Kabocha Molasses Bread Kabocha is a Japanese winter squash that is very sweet and flavorful in this quick bread. This recipe contains no added oil, butter or refined sugar. The wheat germ gives it a high protein content, making it a nutritious breakfast or snack item.

Makes 1 large loaf.

Ingredients:

  • 1/2 medium kabocha
  • 1/3 c raisins
  • 1/2 c boiling water
  • 1/3 c molasses
  • 1/2 c sour cream
  • 1 large egg
  • 1 1/2 c all purpose flour
  • 1/2 c wheat germ
  • 1 tsp baking soda
  • 1/4 tsp salt
  • 1/3 c walnuts, chopped

Directions:

  1. Prepare the kabocha ahead of time by cutting it in half crosswise, removing the seeds, and placing cut-side down in a lightly oiled baking dish. Bake at 350 degrees F for 40 minutes or until fork tender. Cool and scoop out the pulp. Using a potato masher, mash the pulp well and measure out a half-cup (about half of the squash).
  2. Preheat the oven to 325 degrees F and grease a large loaf pan (9 x 5 x 3 inch) with shortening.
  3. In a small bowl, soak the raisins in the boiling water for about 10 minutes. Set aside.
  4. In a large bowl, combine the kabocha, molasses, sour cream and egg.
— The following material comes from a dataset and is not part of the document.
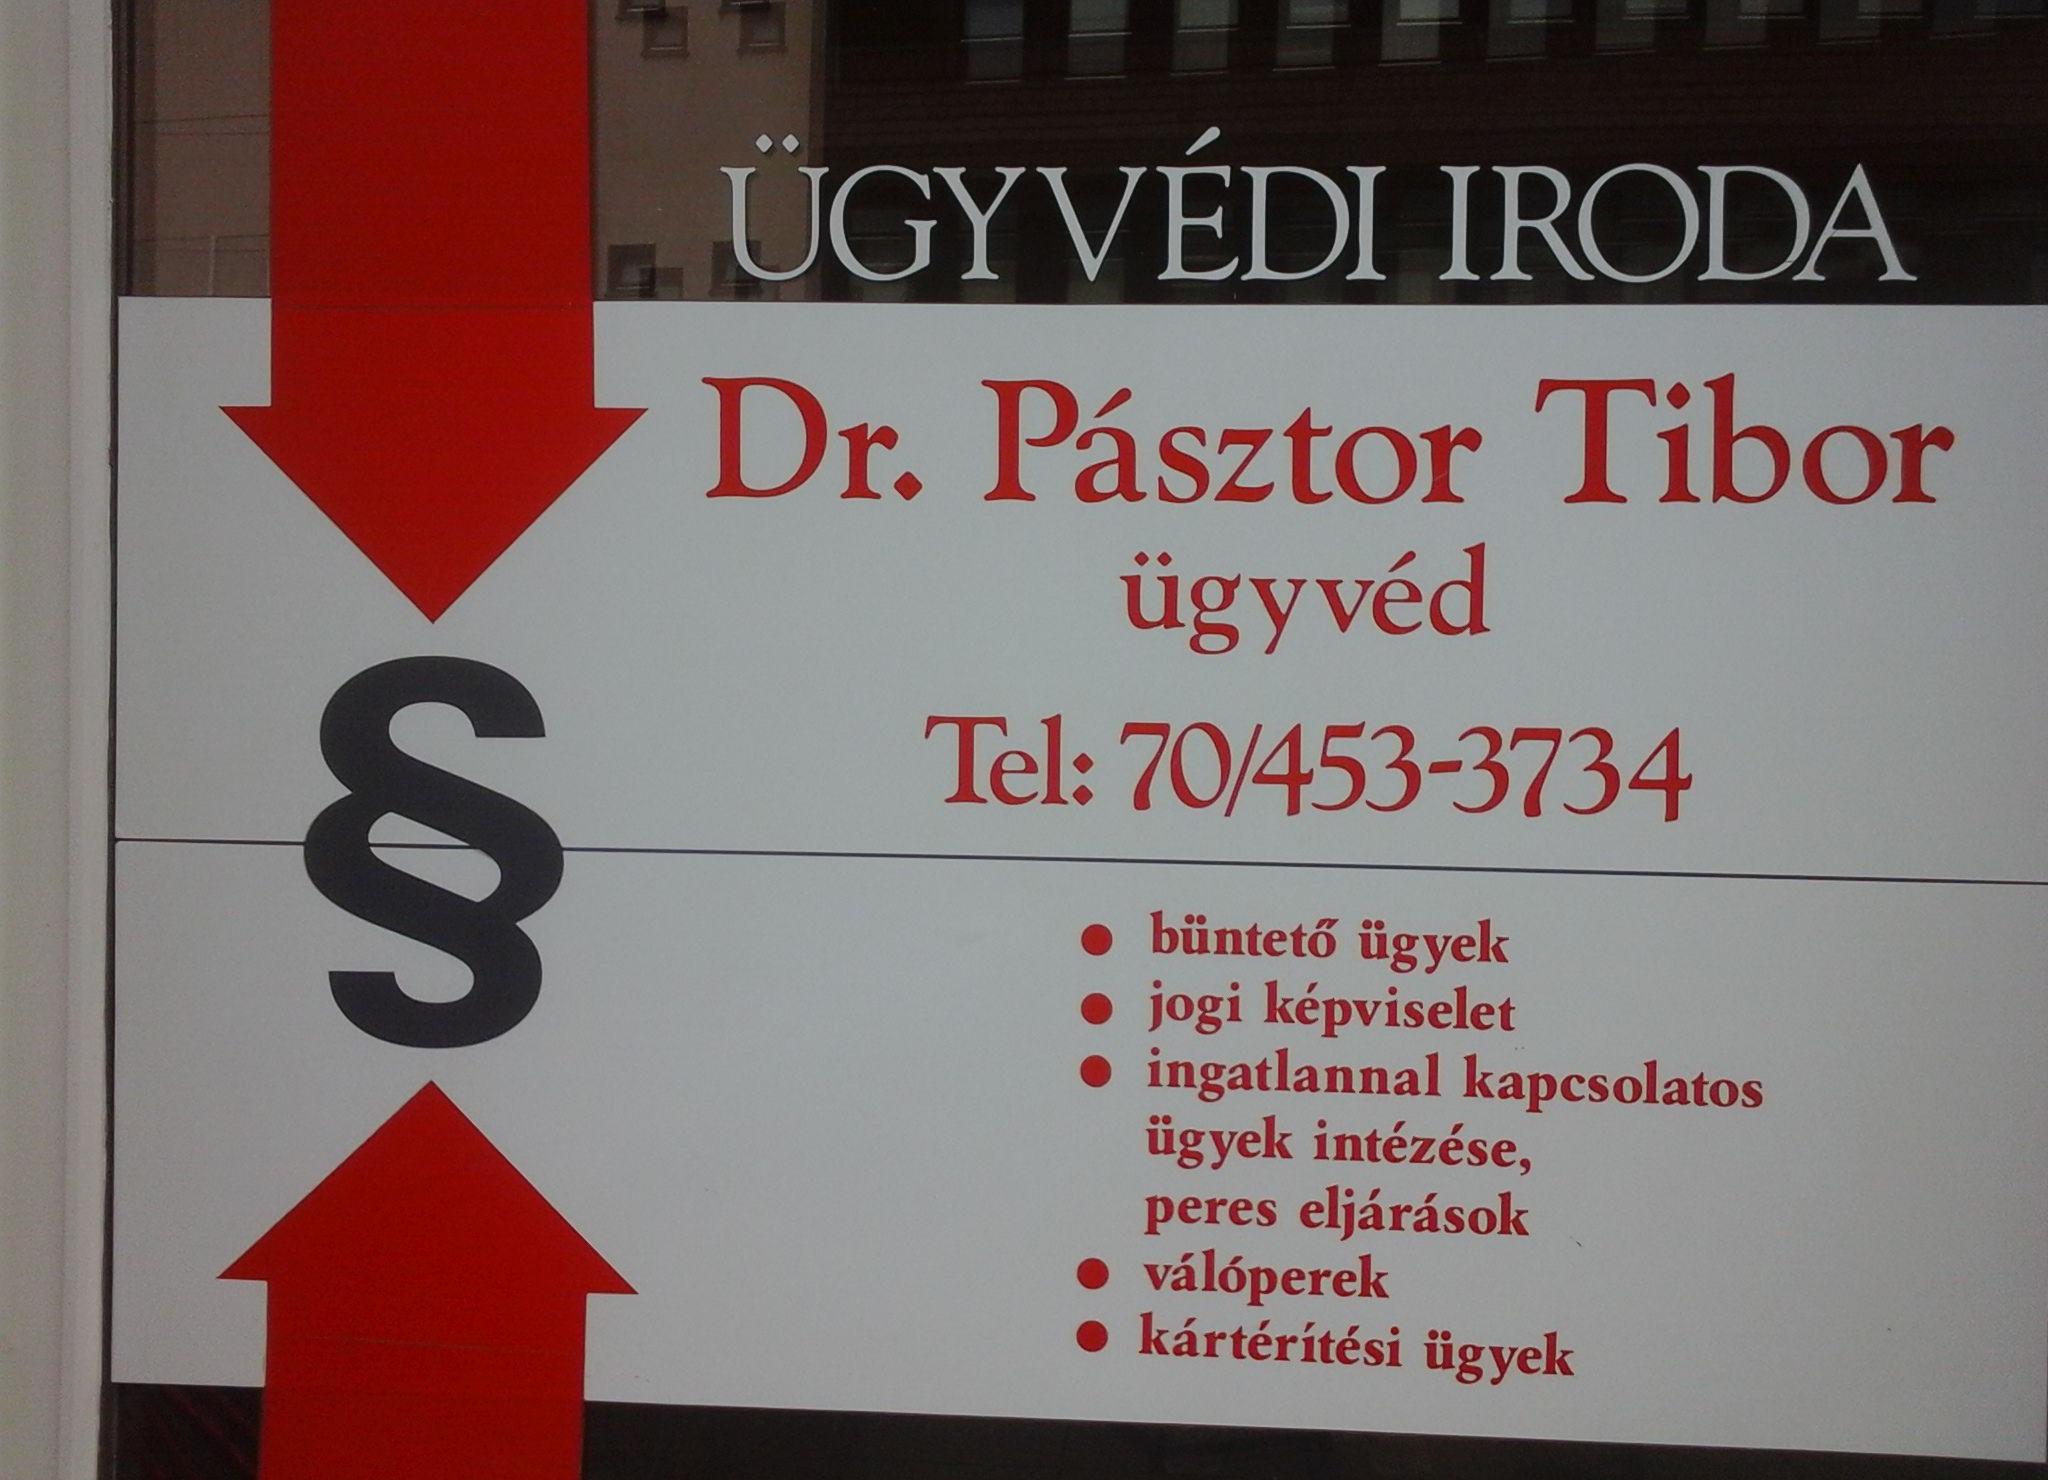 Images Dr Pásztor Tibor ügyvéd
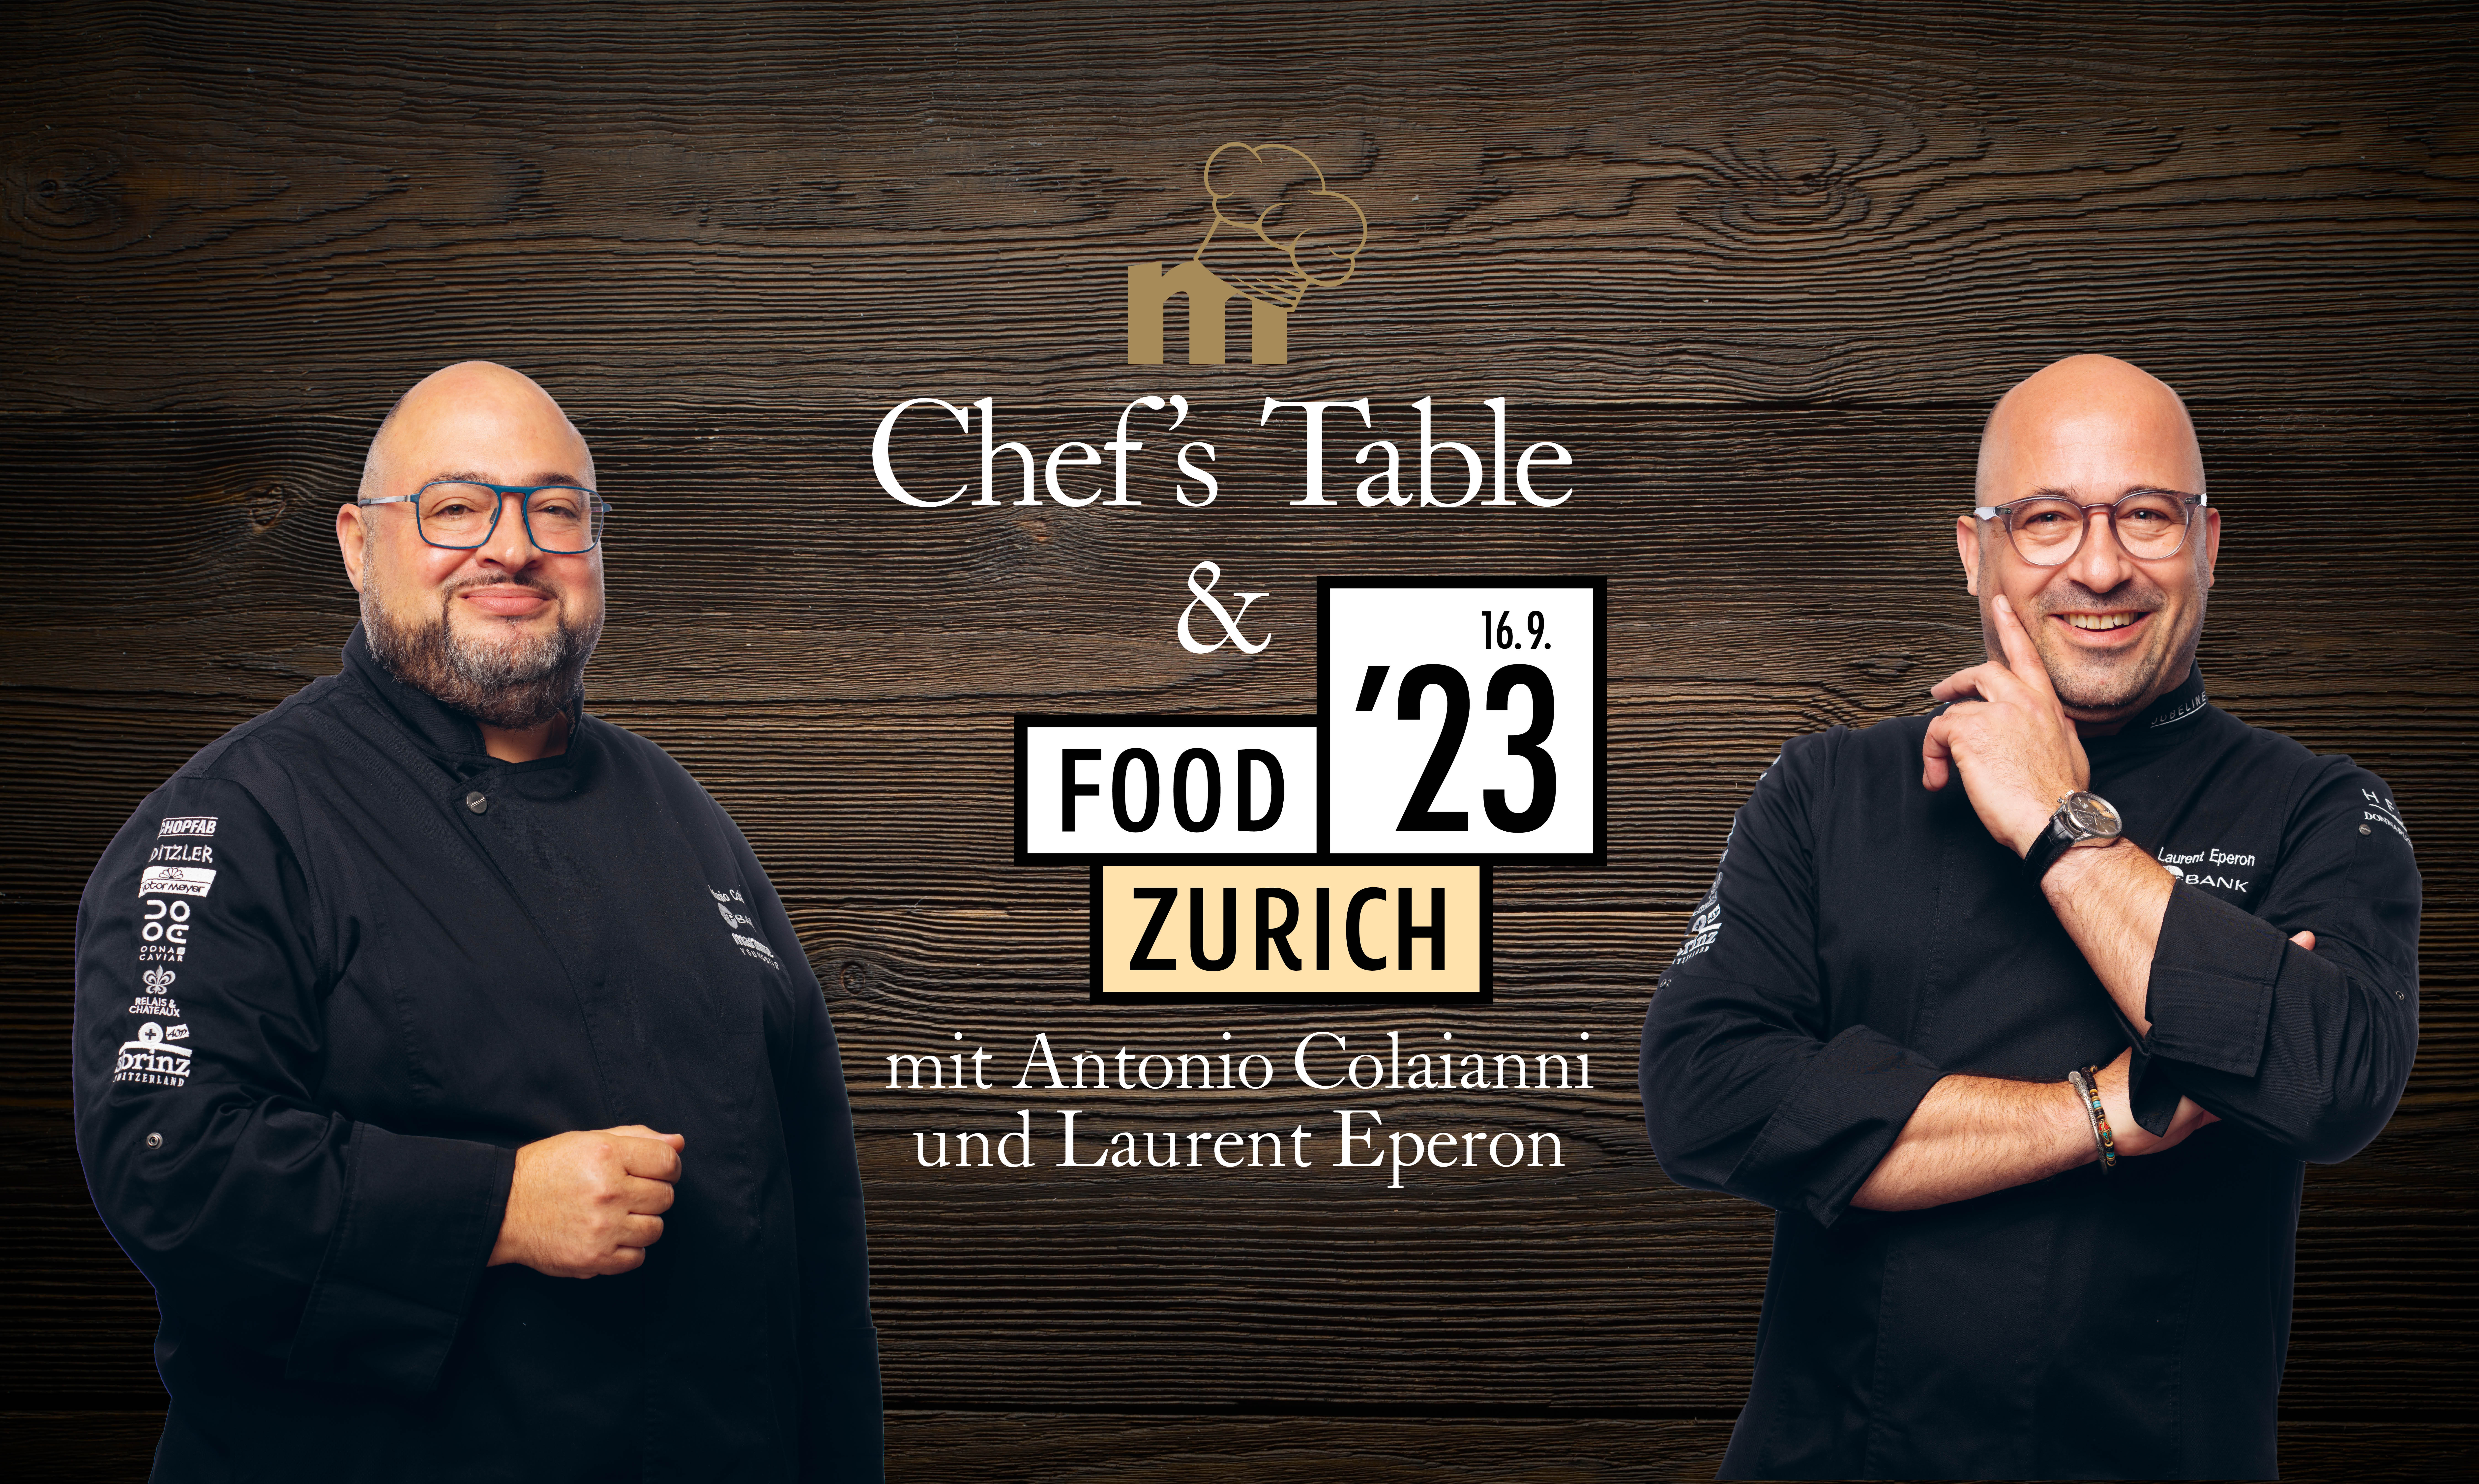 Das  Pop-up vom Pop-up: Der marmite Chef’s Table an der Food Zürich

Using a wooden spoon, beat this mixture until well-incorporated. Add the raisins with their soaking liquid and blend well.
  5. In a medium bowl, combine the flour, wheat germ, baking soda, and salt. Stir well and add this mixture, along with the walnuts, to the wet ingredients, stirring just until blended.
  6. Pour this batter into the prepared pan, dipping the center a bit and drawing the batter out to the edges. Bake 40 minutes, or until a toothpick inserted in the center comes out clean. Cool in pan 20 minutes before turning out on cooling rack.